Categories: Crawling, indexing & ranking :

Googlebot trying to crawl Javascript strings as URLs

Showing 1-4 of 4 messages
Googlebot trying to crawl Javascript strings as URLs BugSlayer 5/20/10 11:50 AM
I have read the FAQs and checked for similar issues: YES
My site's URL is: priacta.com/trog
Description:

We had a strange 404 error in our logs today. The user agent was googlebot, and the IP checks out:
  Type          : 404
  Page          : www.priacta.com/downloads/download.com
  Referred from : Unknown
  Time          : 20/05/2010 03:34:57
  From IP       : 66.249.65.175
  User Agent    : Mozilla/5.0 (compatible; Googlebot/2.1; +http://www.google.com/bot.html)

Some of our pages contain the following (in a script tag), which I think is how Googlebot got confused:

$('div.downloaddotcom a').click(function(){
    urchinTracker ('/downloads/download.com');
});

Googlebot obviously decided that the string looked like a URL, and tried to crawl it. There are two problems with this. First, it isn't a URL, and crawling it pollutes our logs. If you start crawling arbitrary javascript strings, where will the madness stop?

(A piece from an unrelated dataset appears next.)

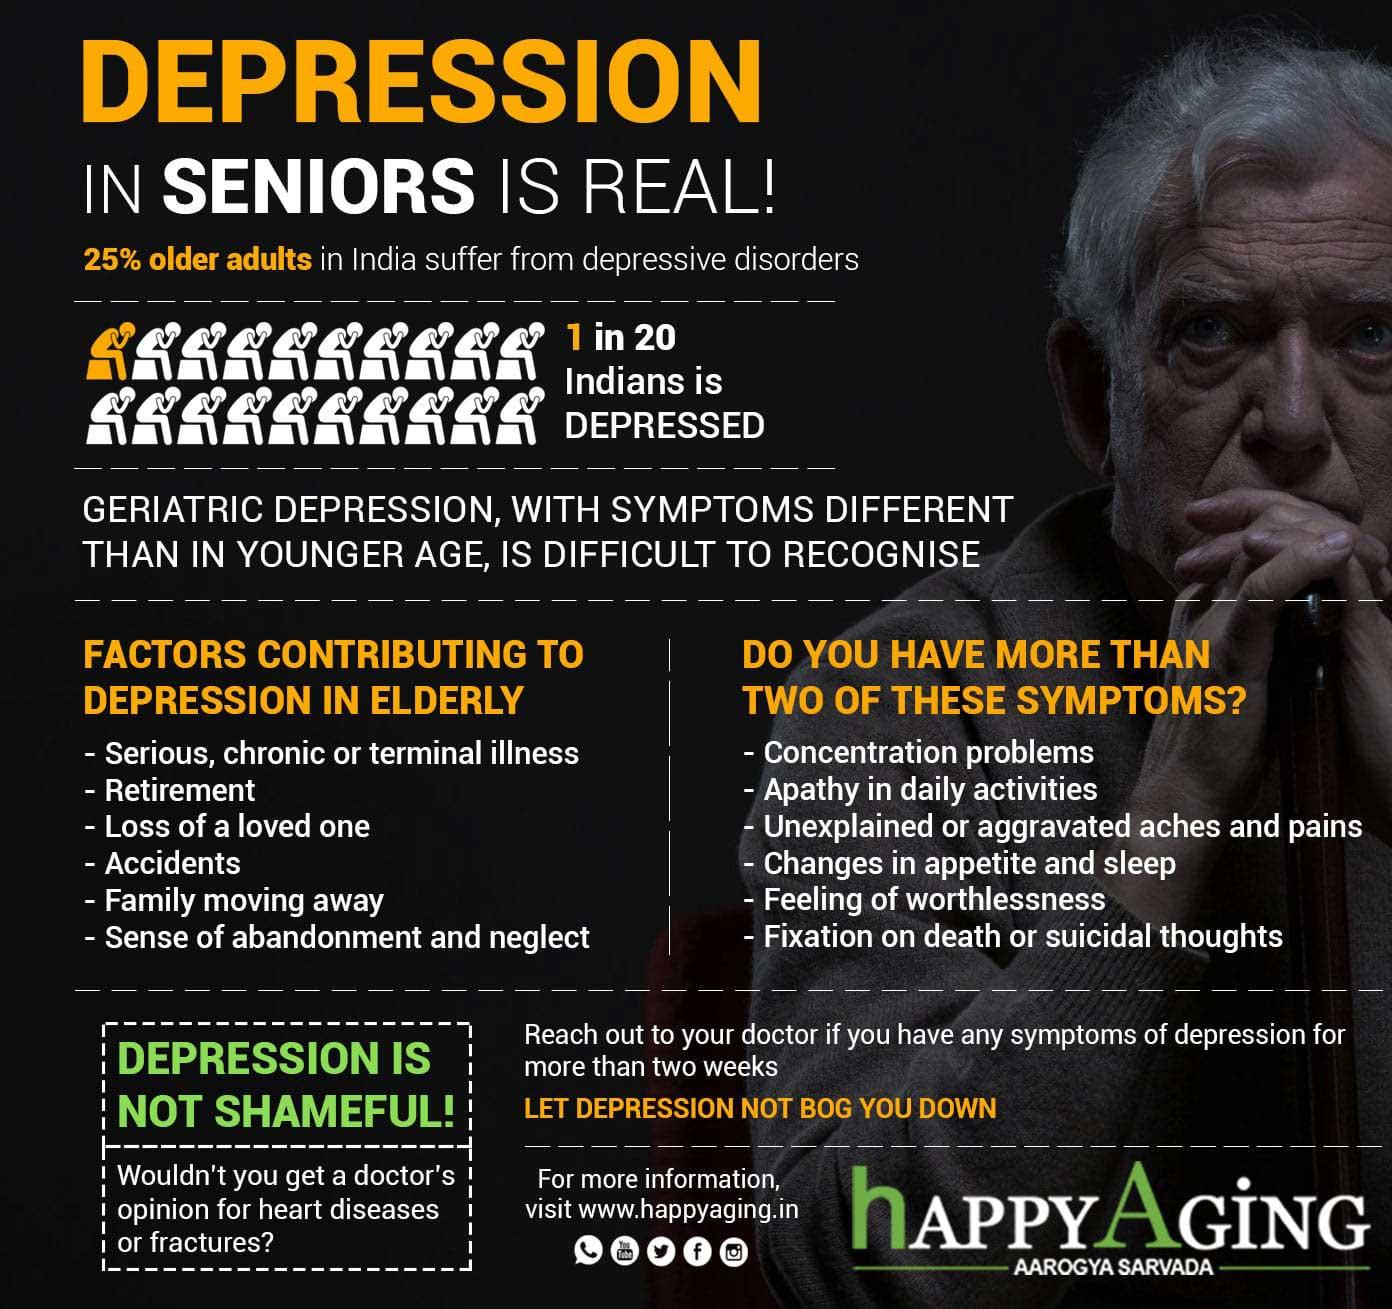 Depression in Seniors
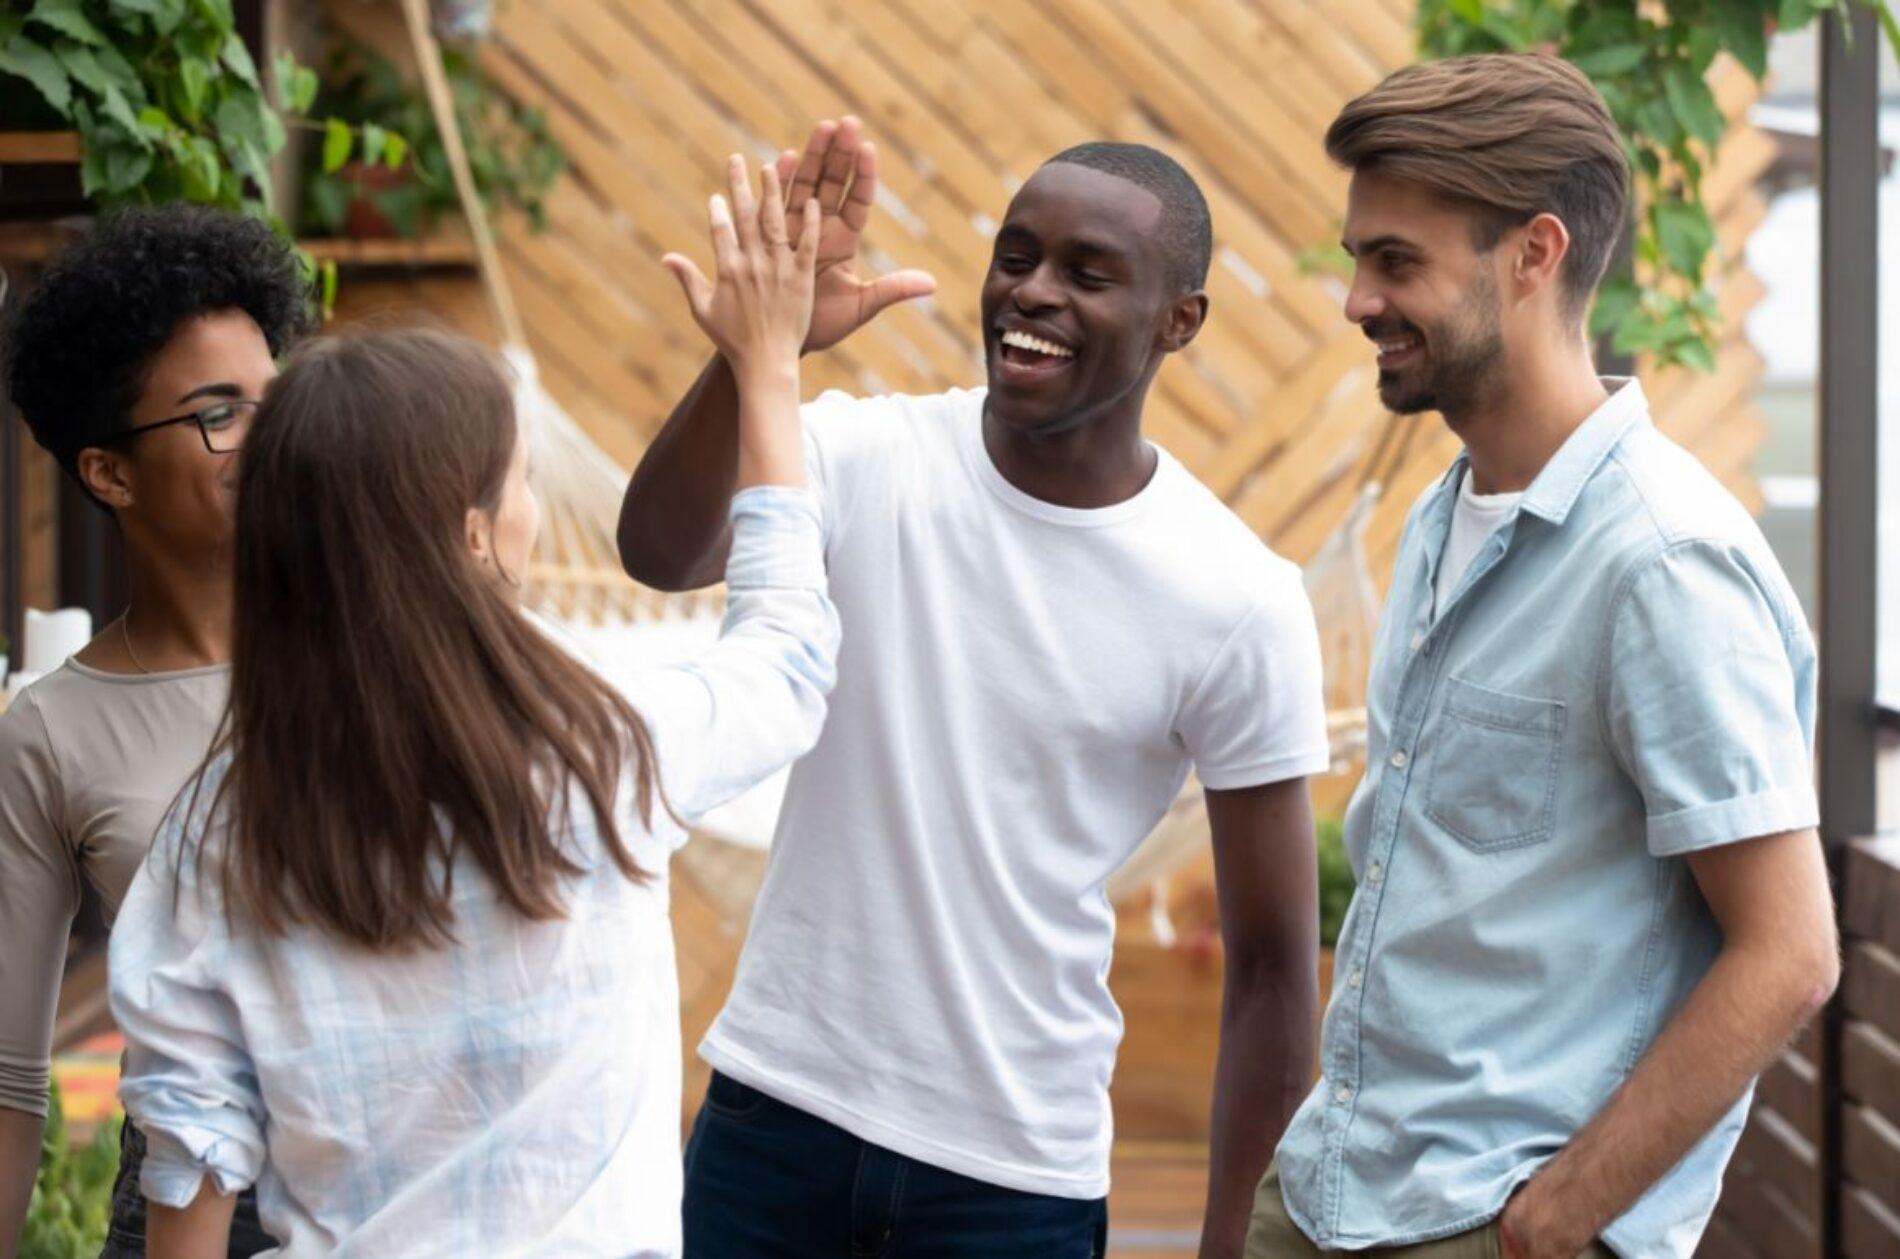 Distanskurs: Bli bättre på att prata engelska

Second, it is common practice for web masters to use javascript to create links that work for users, but aren't observed by spiders, and Googlebot is obviously trying aggressively to work around this. I think I have a problem with that.
Re: Googlebot trying to crawl Javascript strings as URLs Ricky Roma 5/20/10 12:04 PM
If your unhappy with Google crawling your site/pages - Im sure you are aware of methods to prevent the bot crawling.
Then you won't have a problem.
Re: Googlebot trying to crawl Javascript strings as URLs luzie 5/20/10 12:13 PM
Hi BugSlayer,

well, I admit this is a bit funny ... :D ... yet doesn't really do any harm - and isn't wrong  on Google's side either. I mean "/downloads/download.com" definitely is an URL (a relative address), and as long as it's there in the script for some reason, Google will try to crawl it. If you say you don't like your logs to be polluted with this kind of entries, either filter the log - or exclude any (pseudo-) address of the kind from crawling in your robots.txt file perhaps.

-luzie-
Re: Googlebot trying to crawl Javascript strings as URLs webado 5/20/10 3:09 PM
Or fix the javascript code to prevent robots from crawling it: either move it to an externl js script, or add CDATA and/or html comment tags.